Shining a light on student papers
This morning’s Day 2 UTC we heard from our future subsea colleagues with three student paper presentations. They covered a diverse range of topics, including smart subsea sensor networks, optimizing subsea processing and failure modes in offshore wind.
Astrid Marie Skålvik, from the University of Bergen/ NORCE, talked about long-term, smart subsea wireless sensing in remote environments – especially the challenges, limitations, and promising measurement strategies for ensuring data quality and reliability. She proposes more analysis on sensors so only the correct data wanted needs to be transmitted via acoustic communications. But also, to reduce sensor calibration needs and faulty data, by preprocessing, self-validation and diagnostics, including using AI, and self-calibration, using internal reference measurement or exploiting the network.
Thomas Stolpnes, from NTNU, talked about optimization-based design of subsea processing considering reliability and maintenance. He says subsea technology can support small fields, project flexibility/extension, increased revenue and HSE. But this equipment needs high reliability. He developed a method to model reliability and maintenance for a subsea processing system, using subsea boosting and subsea water treatment case studies. This work enabled comparison of designs taking in metrics including capital cost, uptime and NPV, potentially helping to design lower cost and higher reliability systems.

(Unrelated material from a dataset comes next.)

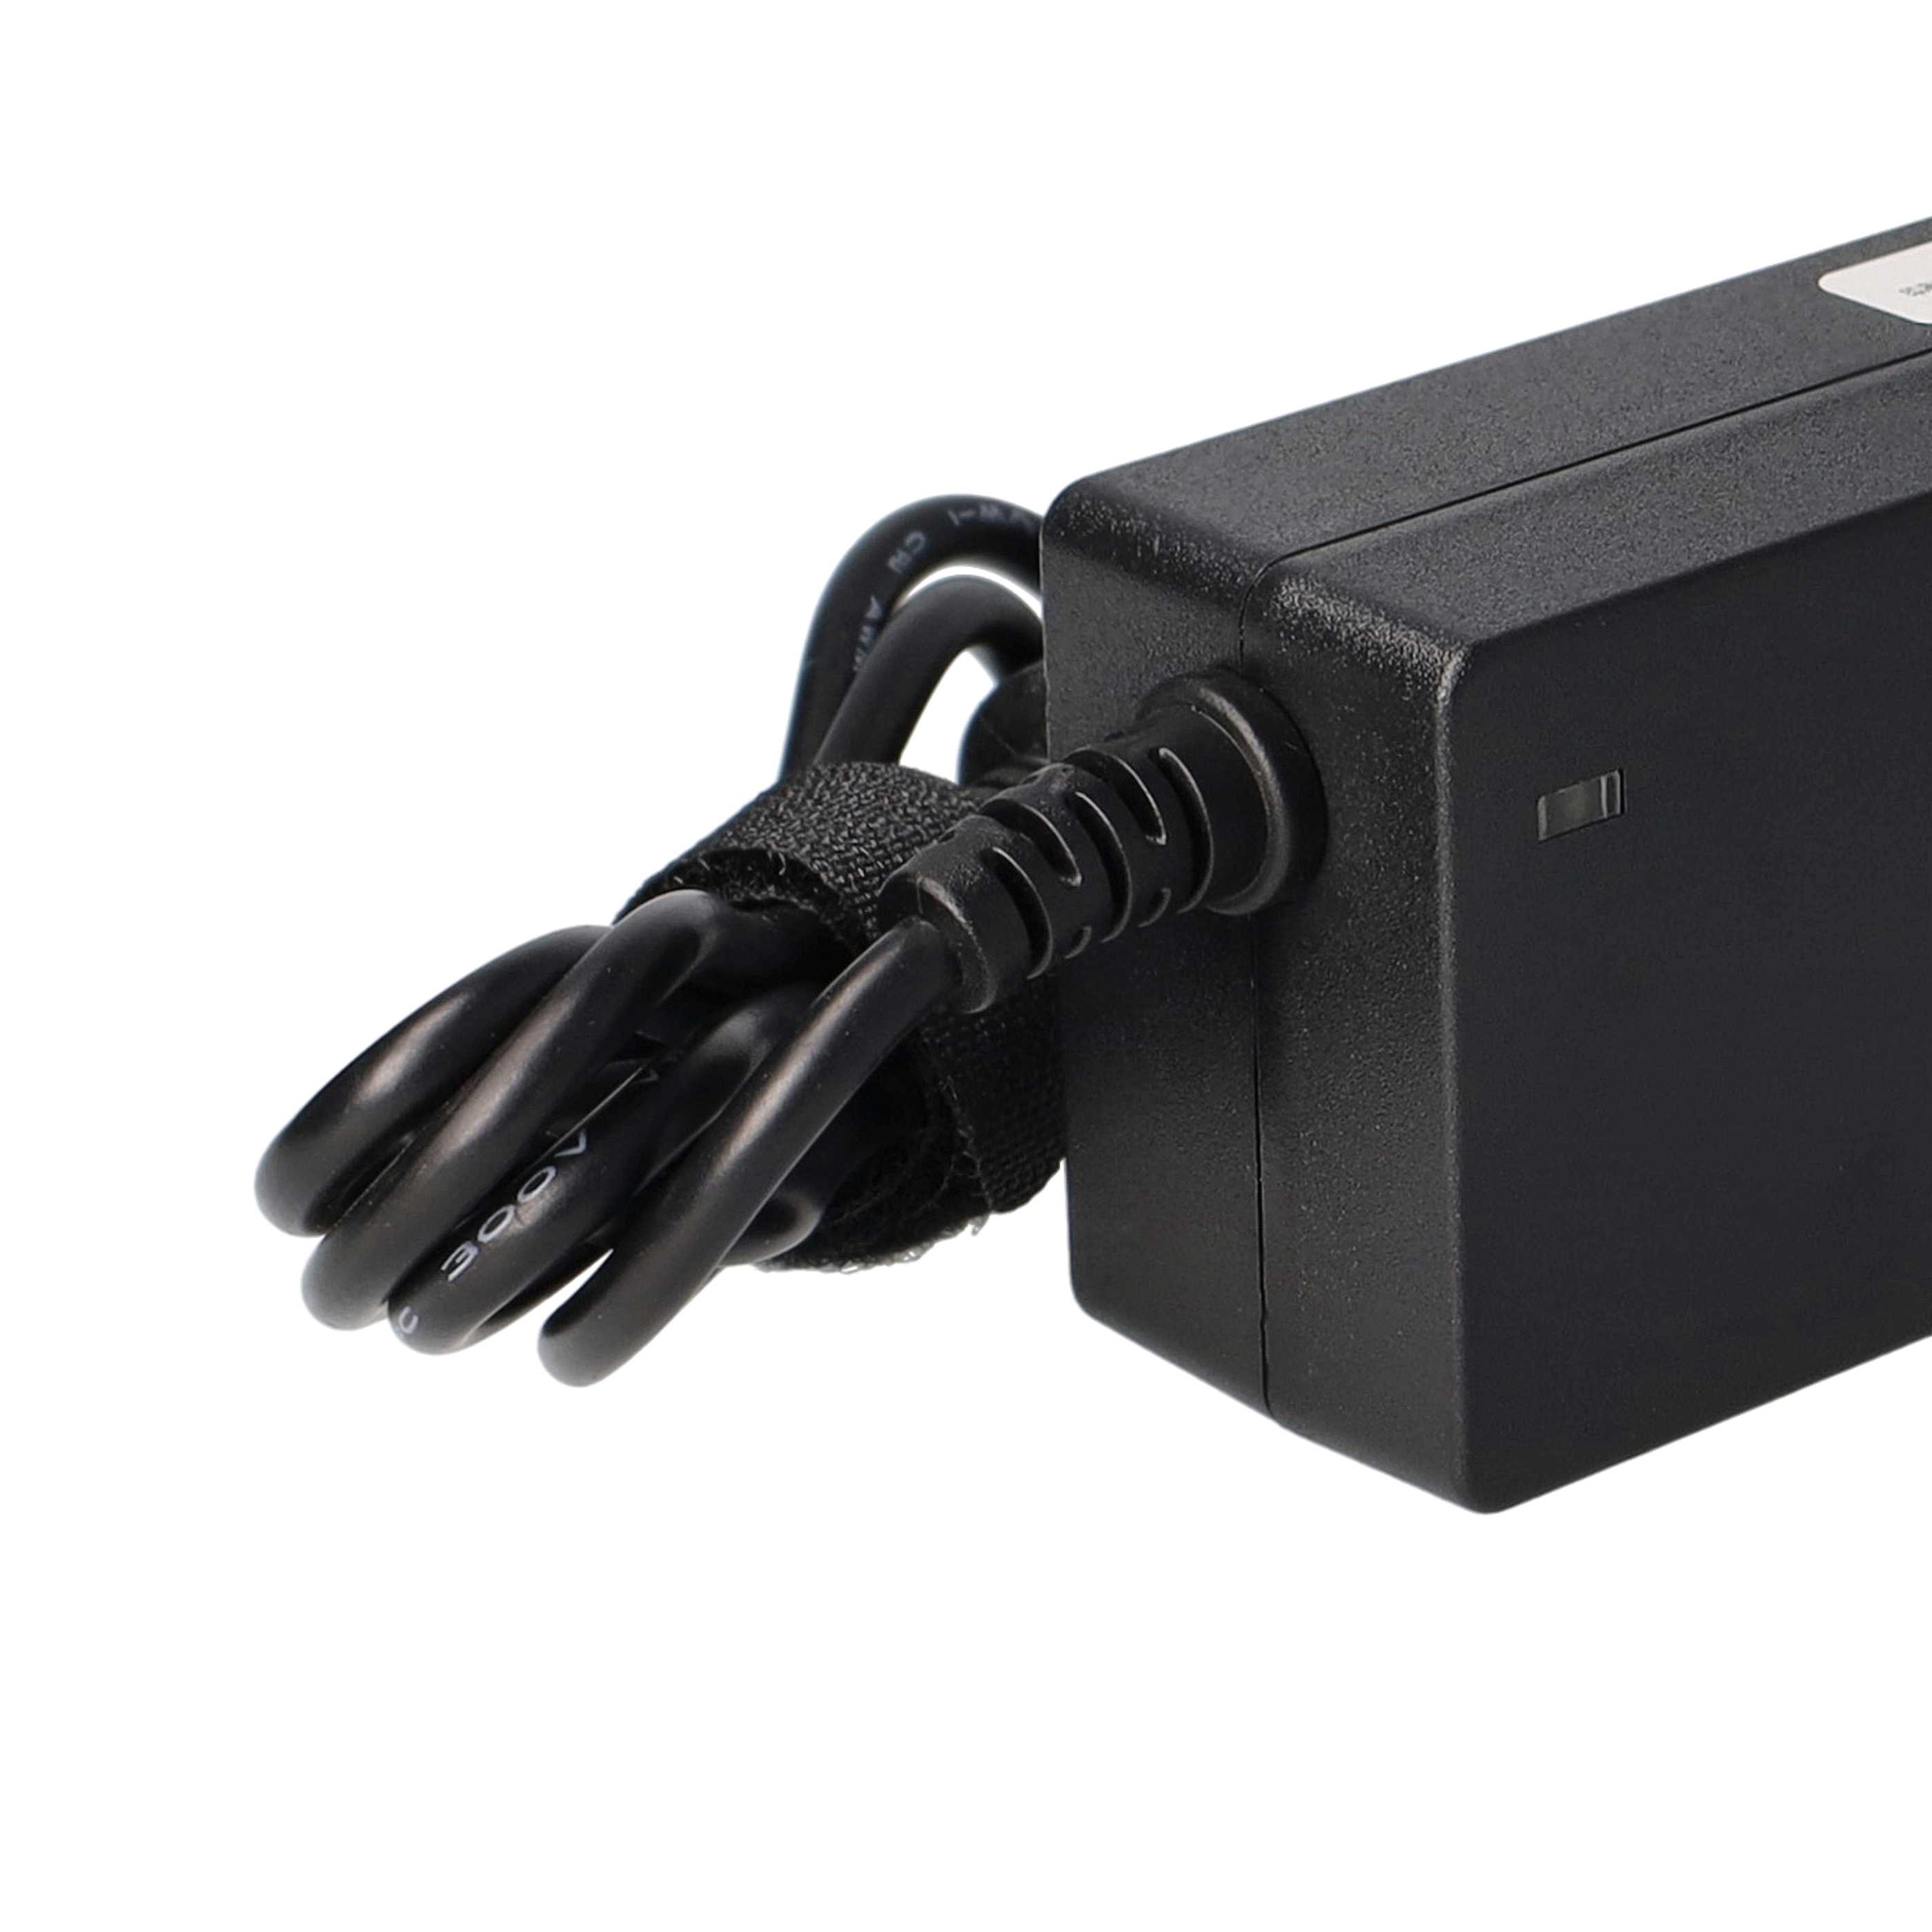 Mains Power Adapter replaces HP PP009C for HPNotebook etc., 65 W

Mertcan Kavakli, Høgskulen på Vestlandet (Western Norway University of Applied Sciences), Master Student of Maritime Operations, talked about, the analysis and assessment of damages to wind turbines. He’s performed an analysis of failures mentioned in 458 news reports between 2010 and 2022. The most common failure was blade and generator failure, followed by structural failure and then lighting failure. Some 65% of structural failure was during storm situations. The largest cause of gearbox failures was oil leaks. Most failures were in the US, followed by Germany, then UK. As a result of the analysis, more can be done to prevent failures, through design, manufacturing and maintenance, he says.